5. The indoor positioning method based on the prior map of the monocular camera as recited in claim 1, wherein in the step S4, the three-dimensional door frame line is screened by adopting different strategies in three cases depending on visibility of the end point of the door frame line; specifically, line segments which are not in the visual field range in the frame are removed; the end points of the door frame lines are extracted, and then the end points are processed by adopting different strategies in three cases:

(1) If both ends are in the visual field, the door frame line is considered to be in the visual field;

(2) One of the two end points is positioned in the visual field range, and the other end point is positioned outside the visual field range; points X remaining in the field of view _i (ii) a Take the midpoint of the two

If the line segment is within the visual field, the line segment is reserved

If the distance is not within the visual field range, the process is continuously repeated for the newly generated line segment until the length of the line segment is smaller than the set threshold value;

6. The monocular camera-based prior map-assisted indoor positioning method of claim 5, wherein in step S4, the two end points of the portal line L are projected into the image plane respectively after being screened, the three-dimensional portal lines in all the visual field ranges are traversed, the included angle θ, the difference Δ L of the lengths and the distance d between the two-dimensional portal lines are calculated, and the condition that θ < θ is found ₀ ，Δl＜Δl ₀ ，d＜d ₀ Two-three dimensional matching pairs of; matching with the prior map is completed.
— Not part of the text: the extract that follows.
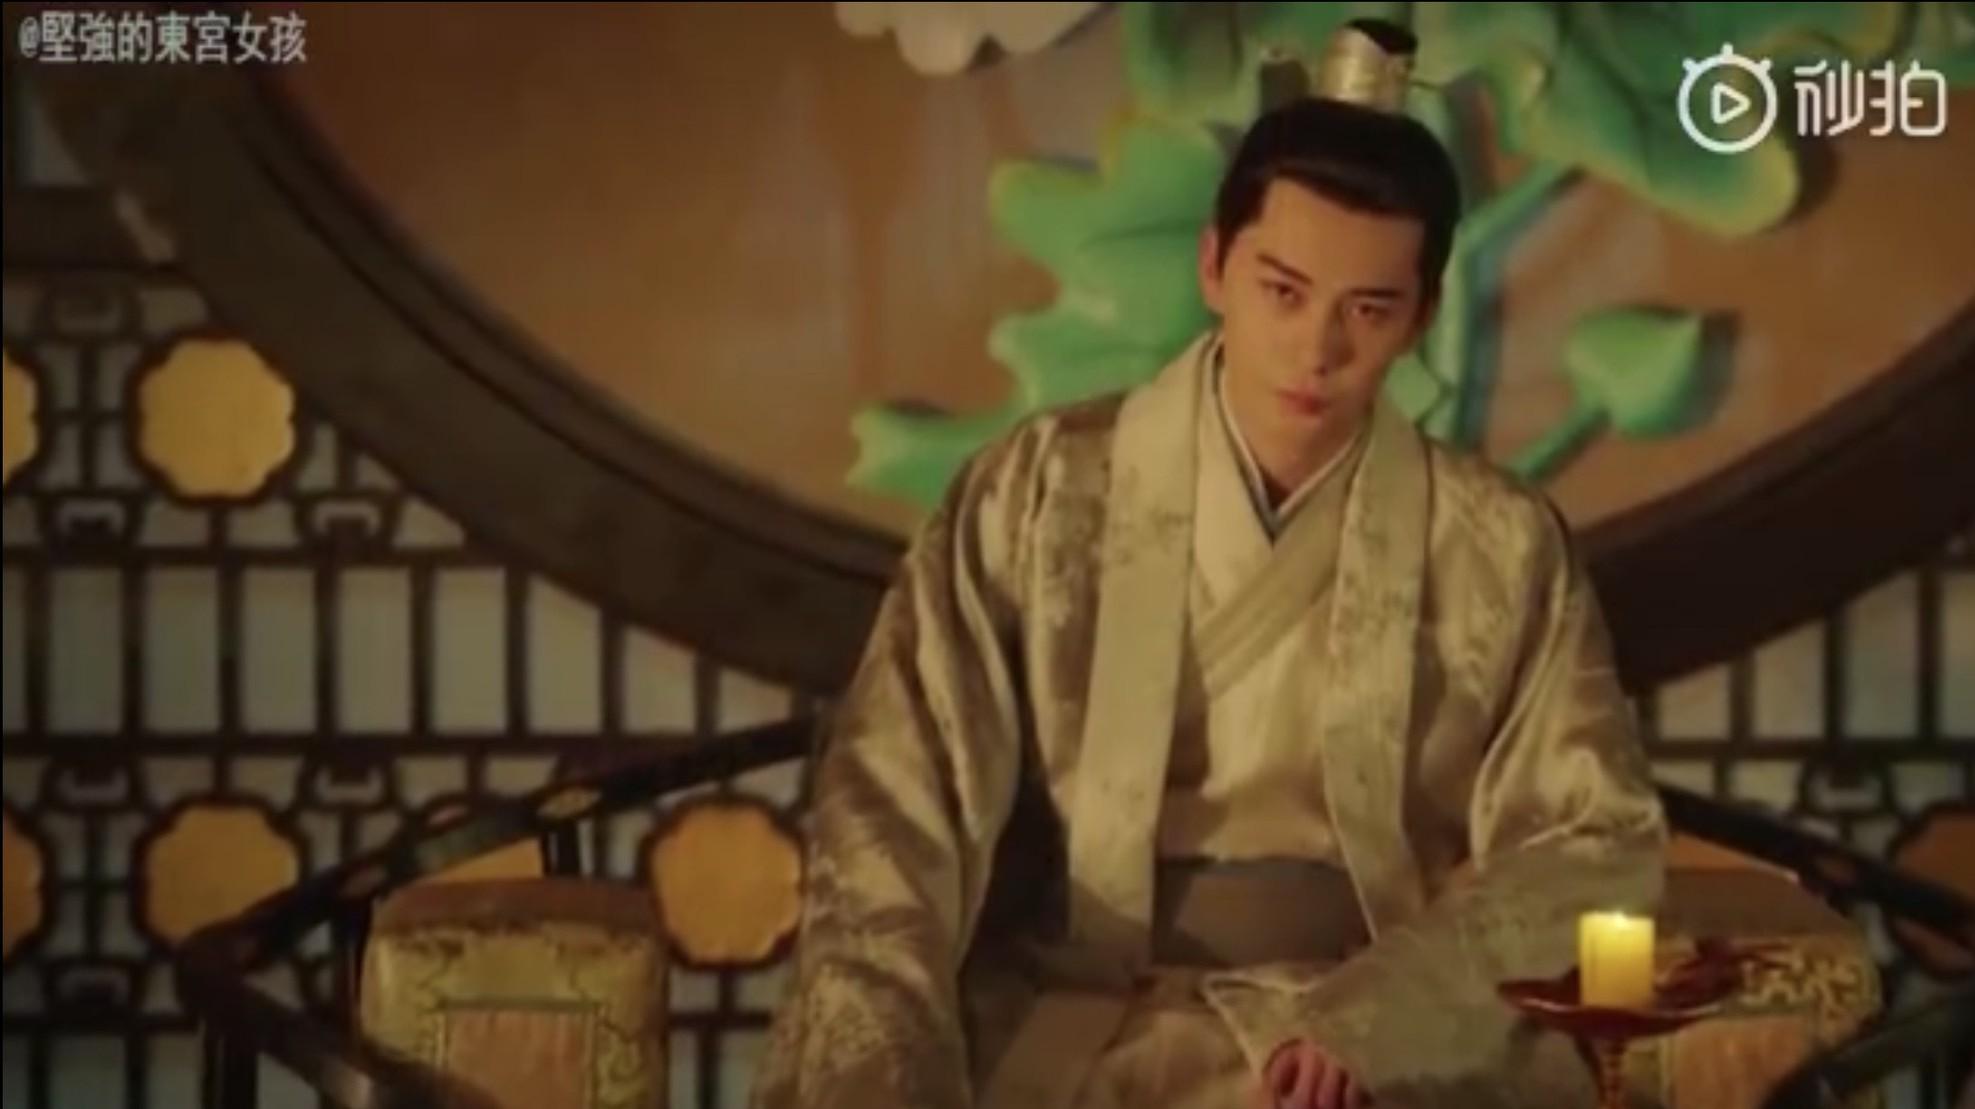 """""""Con cáo nhỏ cô đơn"""" trong Đông Cung rốt cuộc là Tiểu Phong hay Lý Thừa Ngân đây? - Ảnh 6."""
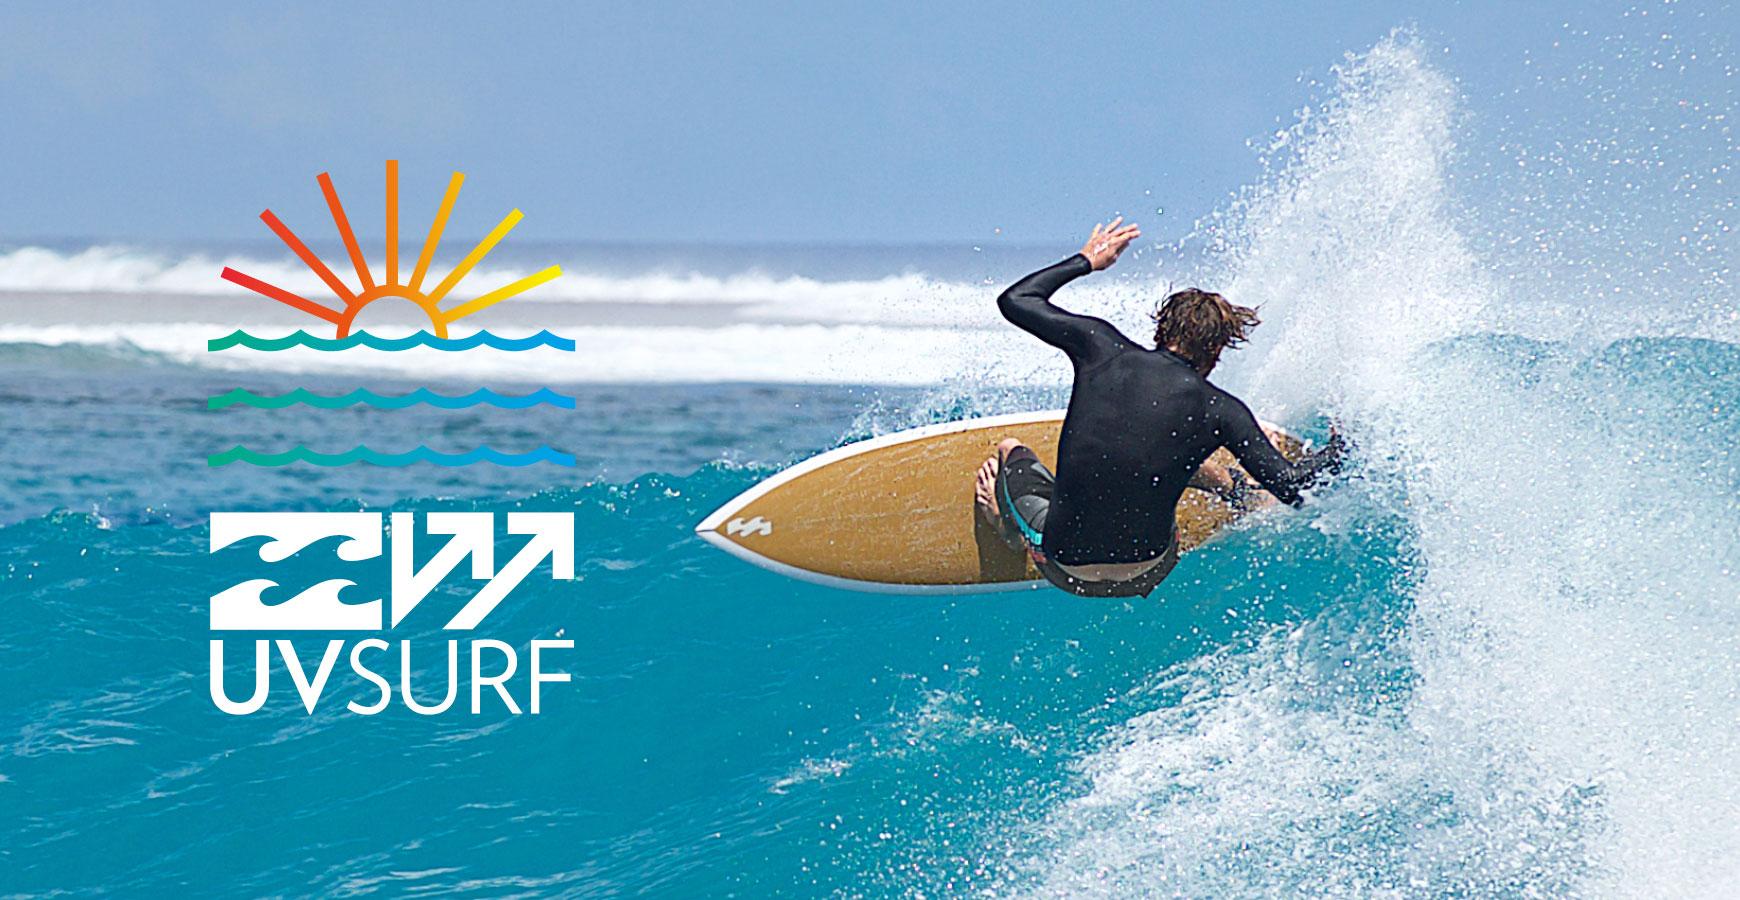 UV SURF

7. The prior map-assisted indoor positioning method based on monocular camera as claimed in claim 1, wherein in step S5, motion between two consecutive frames is iteratively estimated by Ceres Solver, a matched optimization model is constructed, and positioning accuracy of the system is improved, specifically as follows;

minimizing the error model, namely solving an optimal solution for an objective function in the error model; the objective function is expressed as follows;

the method comprises the following steps that a Marg marginalized residual error part is taken as a first item, an IMU residual error part between adjacent frames in a sliding window is taken as a second item, and a visual re-projection residual error of a feature point in the sliding window under a camera is taken as a third item; χ is all state quantities in the sliding window,

the covariance matrix of the noise term is pre-integrated for the IMU,

a covariance matrix of the observed noise for the visual feature points,

a covariance matrix of observed noise that is a two-dimensional-three-dimensional semantic line feature;

error terms corresponding to two-dimensional-three-dimensional matching pairs

Can be expressed as:

wherein the linear equation of the two-dimensional doorframe line is Ax + By + C =0,

and

respectively representing the coordinates of the endpoints of the prior three-dimensional door frame line after being projected to the image plane.